_What you have to do:_
Transcribe exactly, and only, the lines that fall between the line containing "This mini bag" and the last line of the material, both ends included, omitting any pictures.

_Available data:_
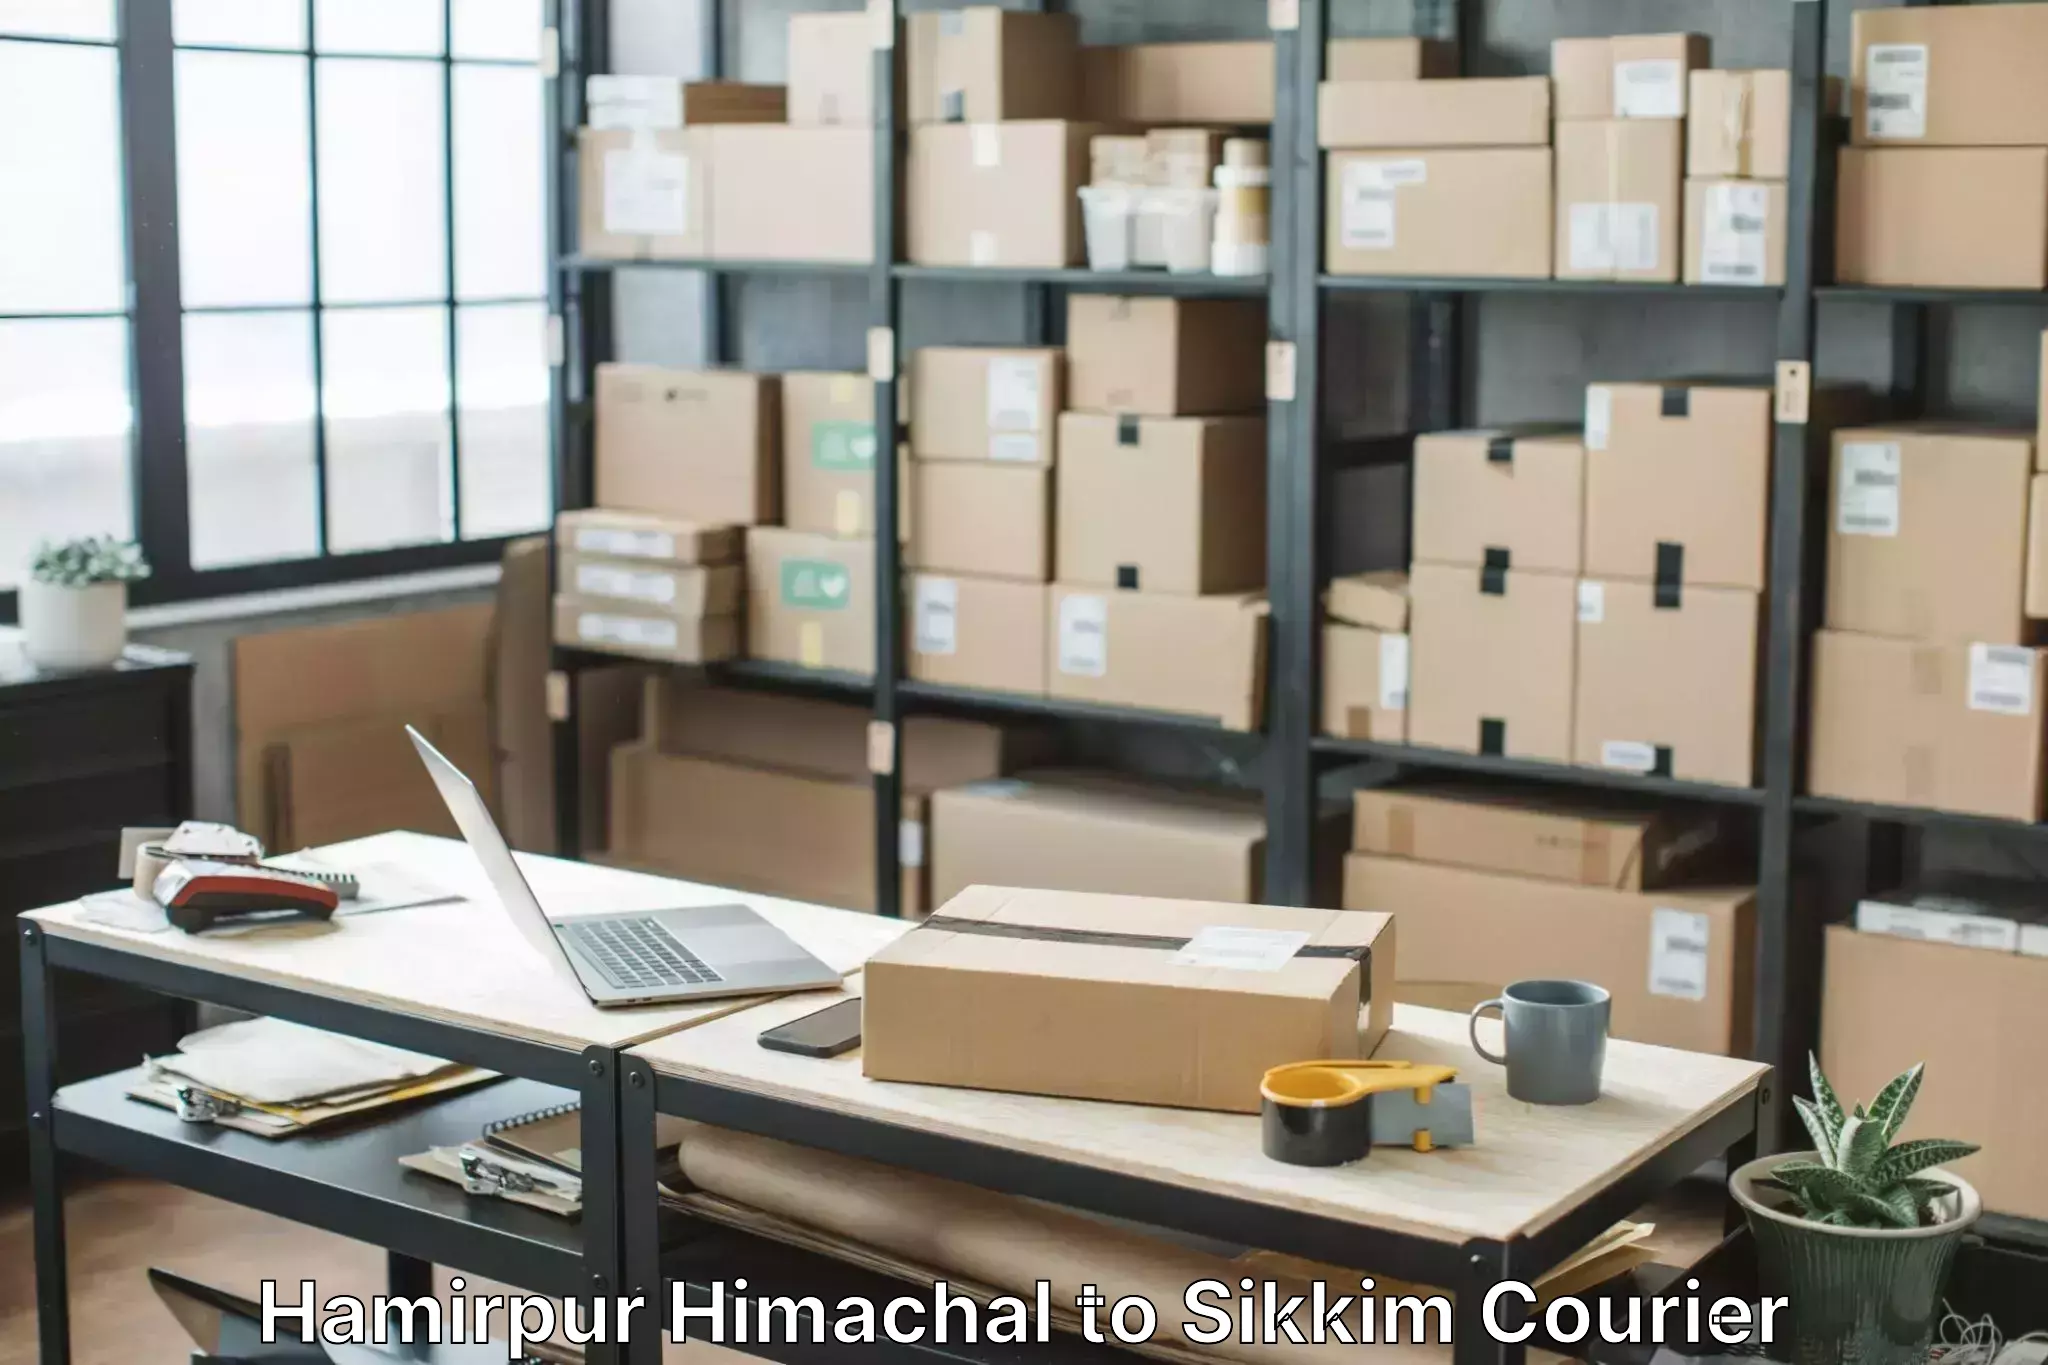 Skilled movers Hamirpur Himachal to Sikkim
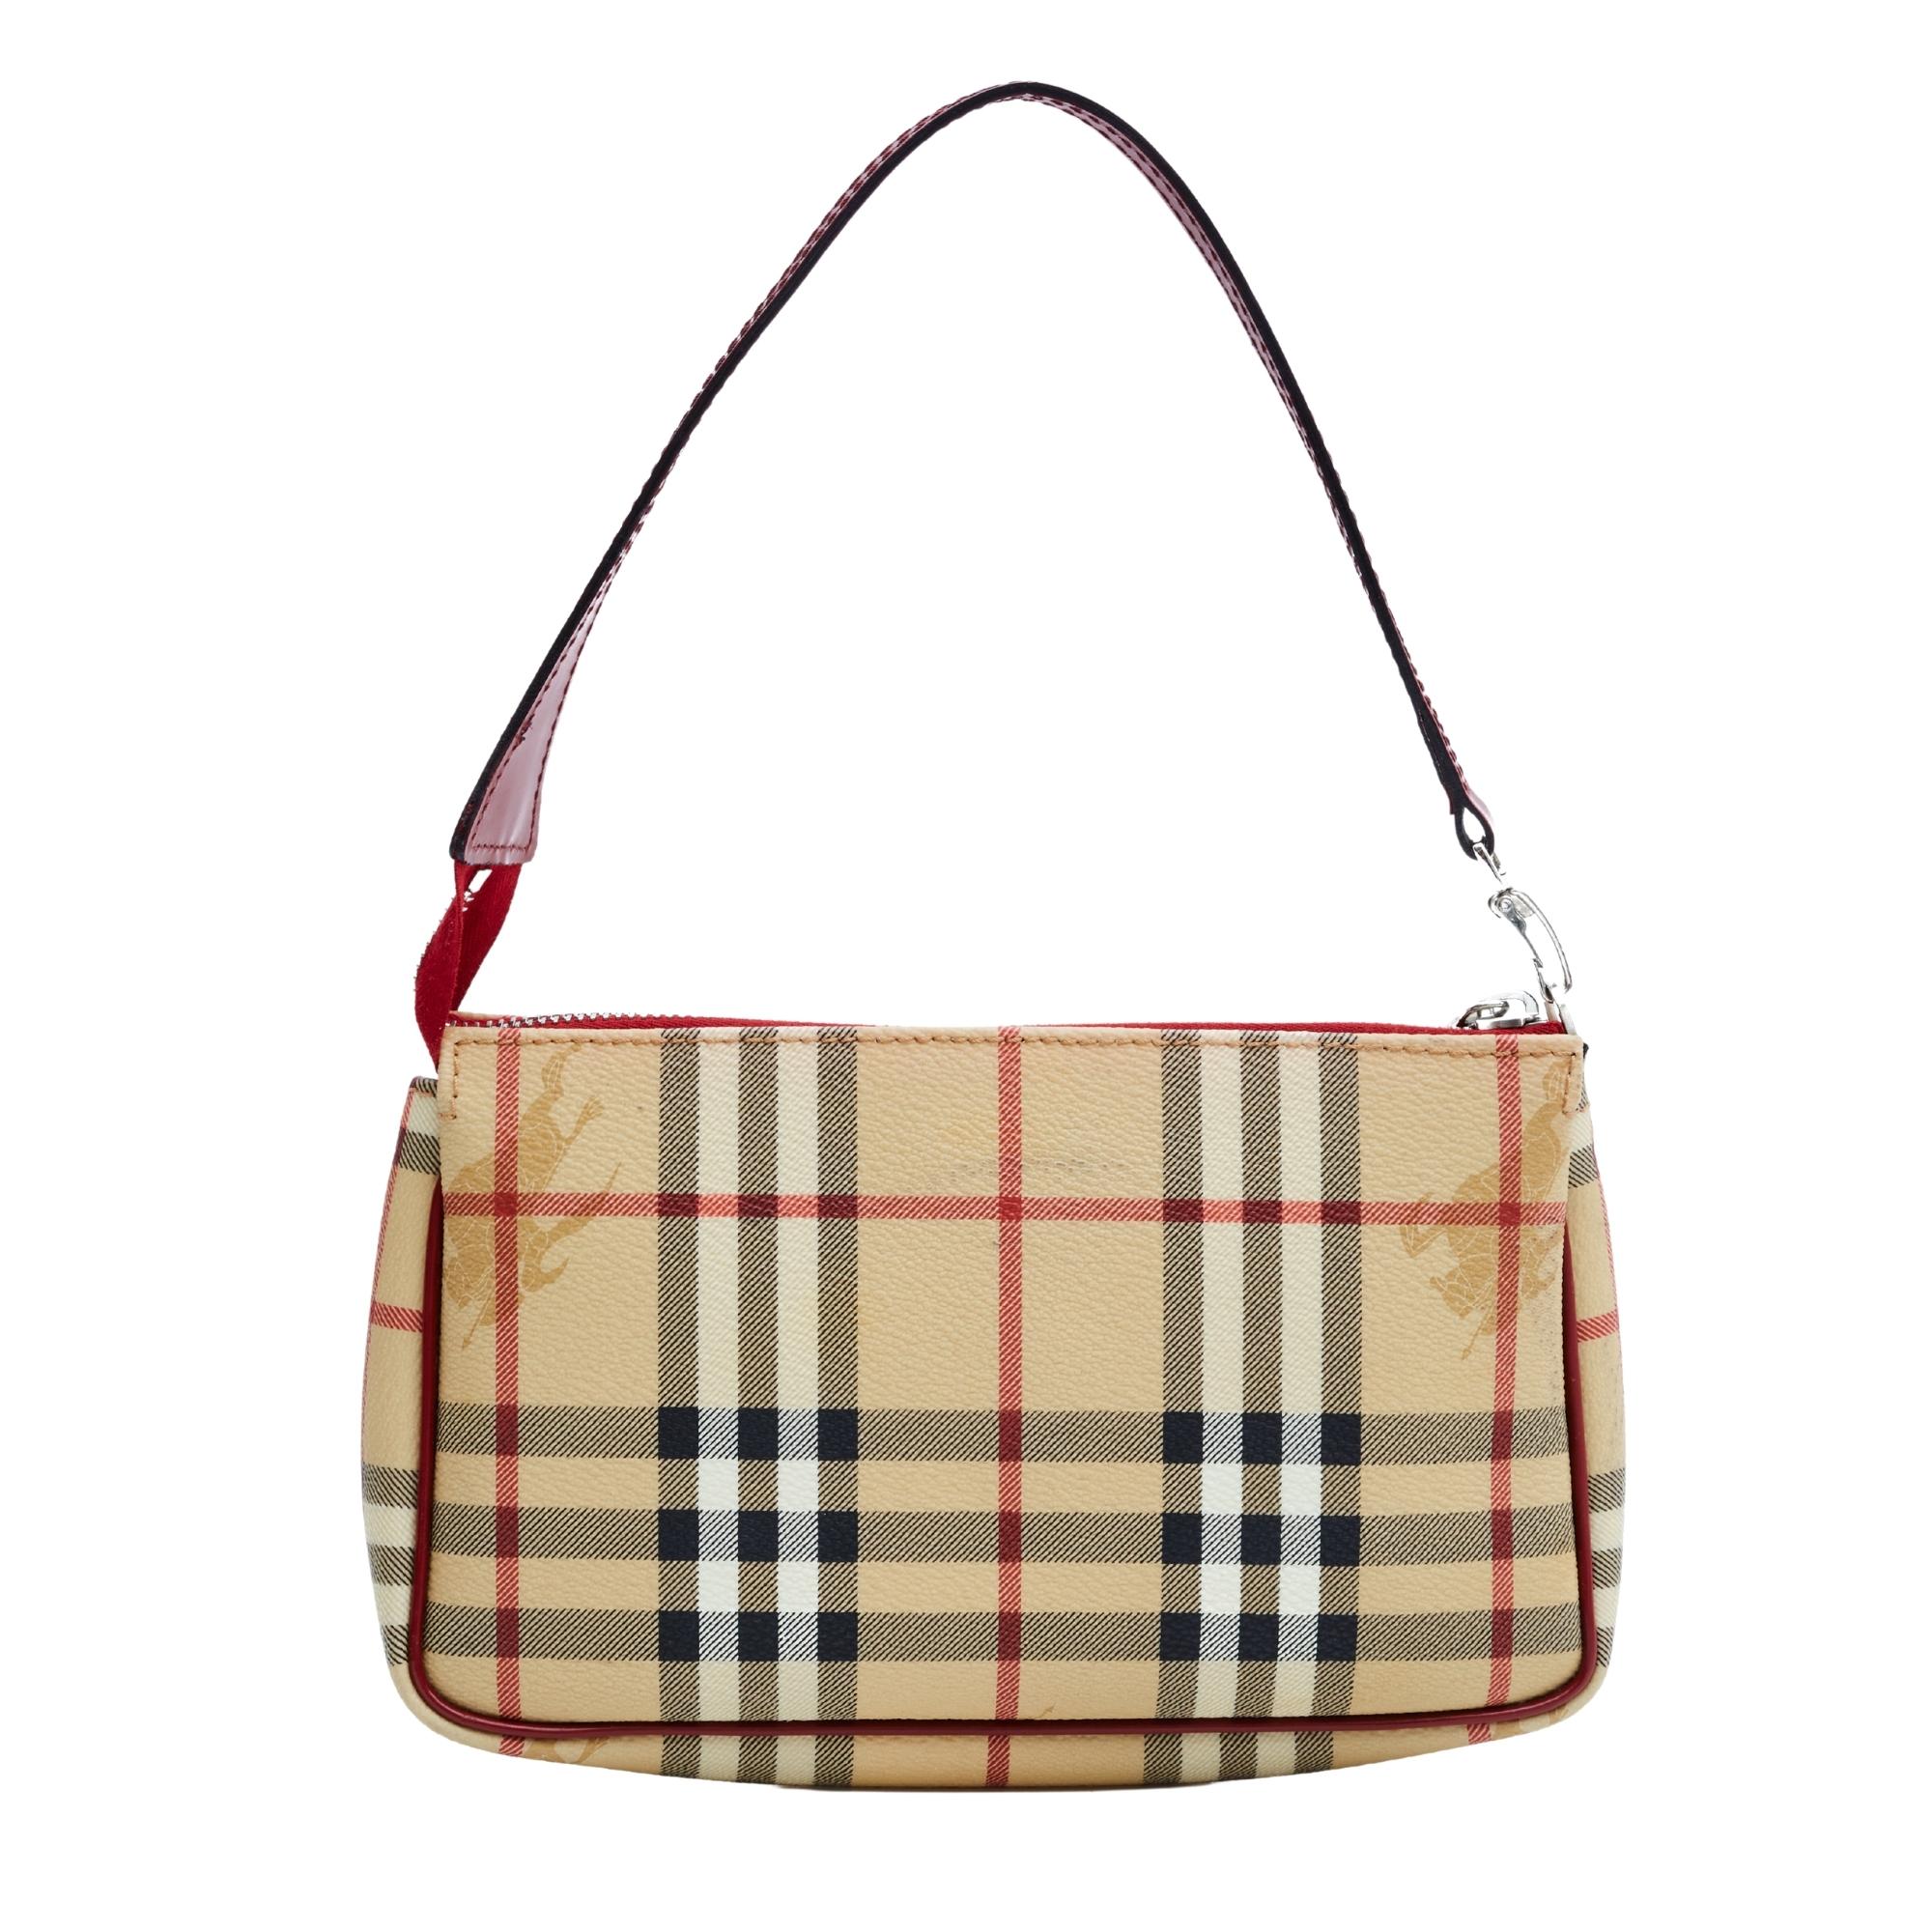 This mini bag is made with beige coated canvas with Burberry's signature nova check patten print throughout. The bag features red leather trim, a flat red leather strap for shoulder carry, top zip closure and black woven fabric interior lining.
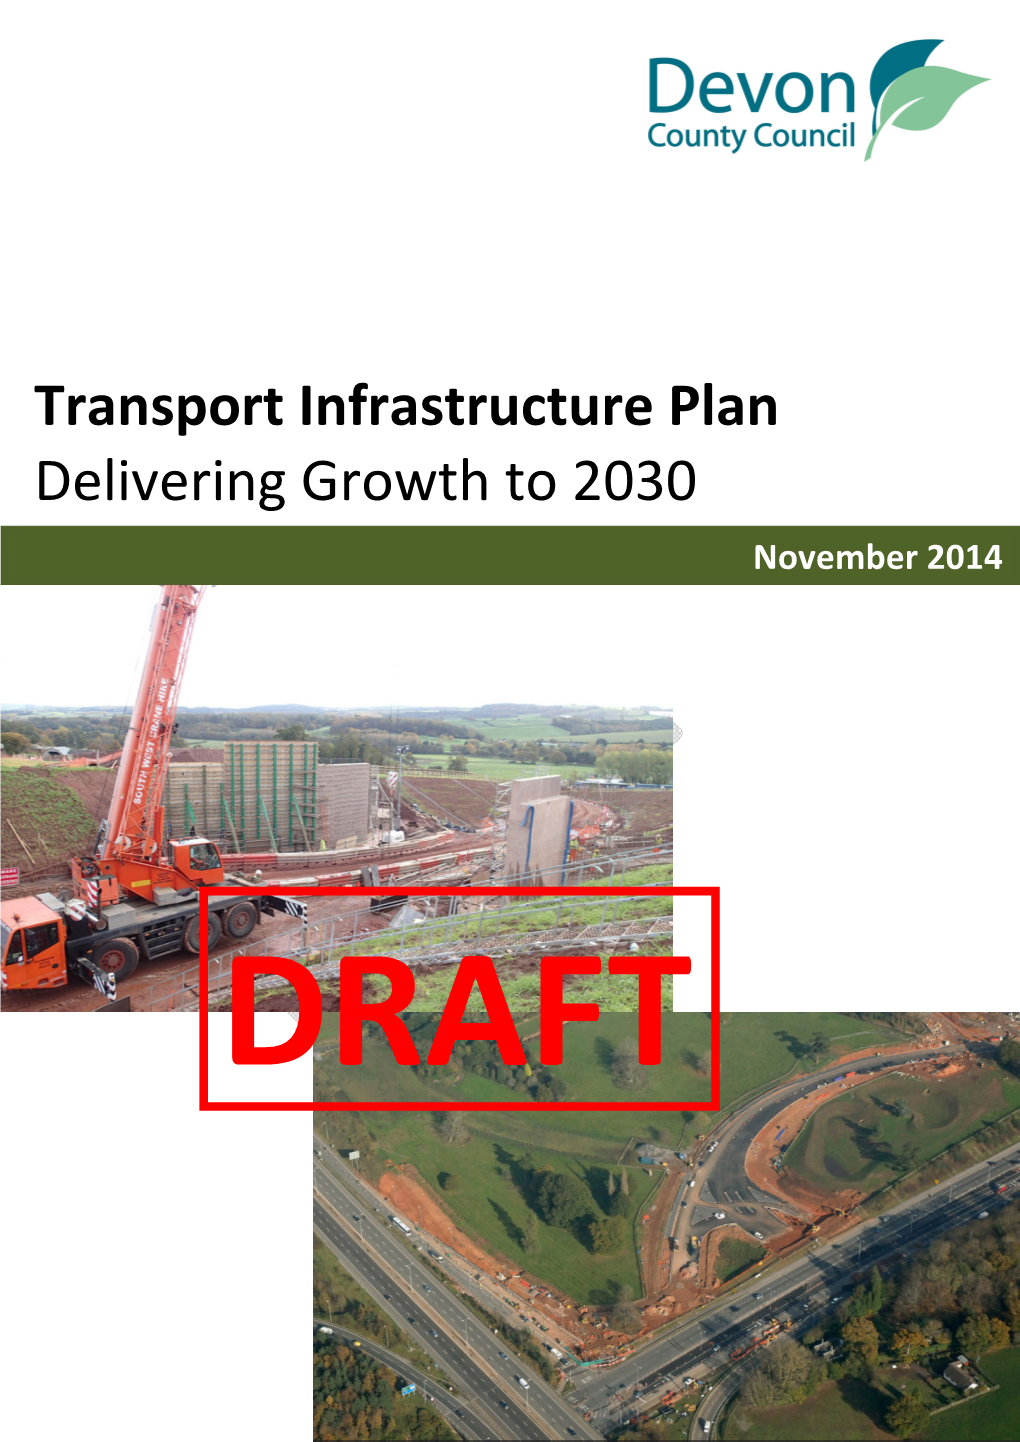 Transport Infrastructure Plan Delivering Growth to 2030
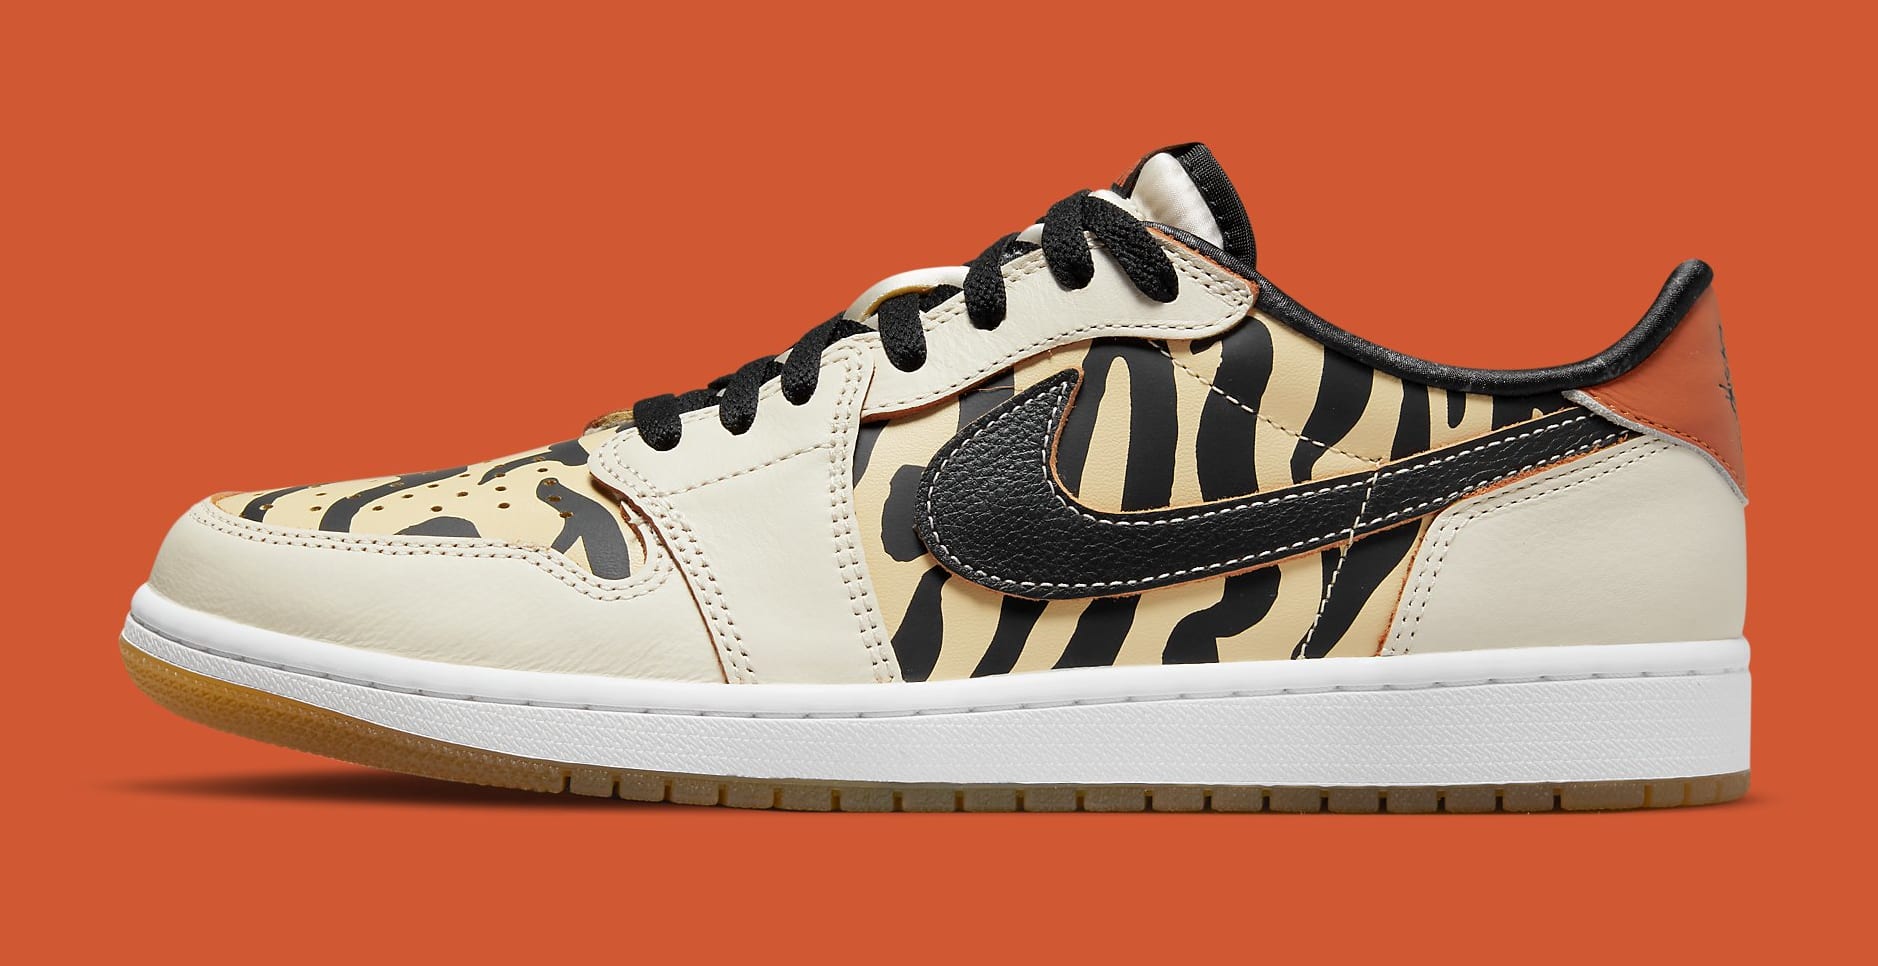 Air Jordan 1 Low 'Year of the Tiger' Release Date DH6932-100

_Answer to the problem:_
 This mini bag is made with beige coated canvas with Burberry's signature nova check patten print throughout. The bag features red leather trim, a flat red leather strap for shoulder carry, top zip closure and black woven fabric interior lining.
 Transport Infrastructure Plan Delivering Growth to 2030
 Air Jordan 1 Low 'Year of the Tiger' Release Date DH6932-100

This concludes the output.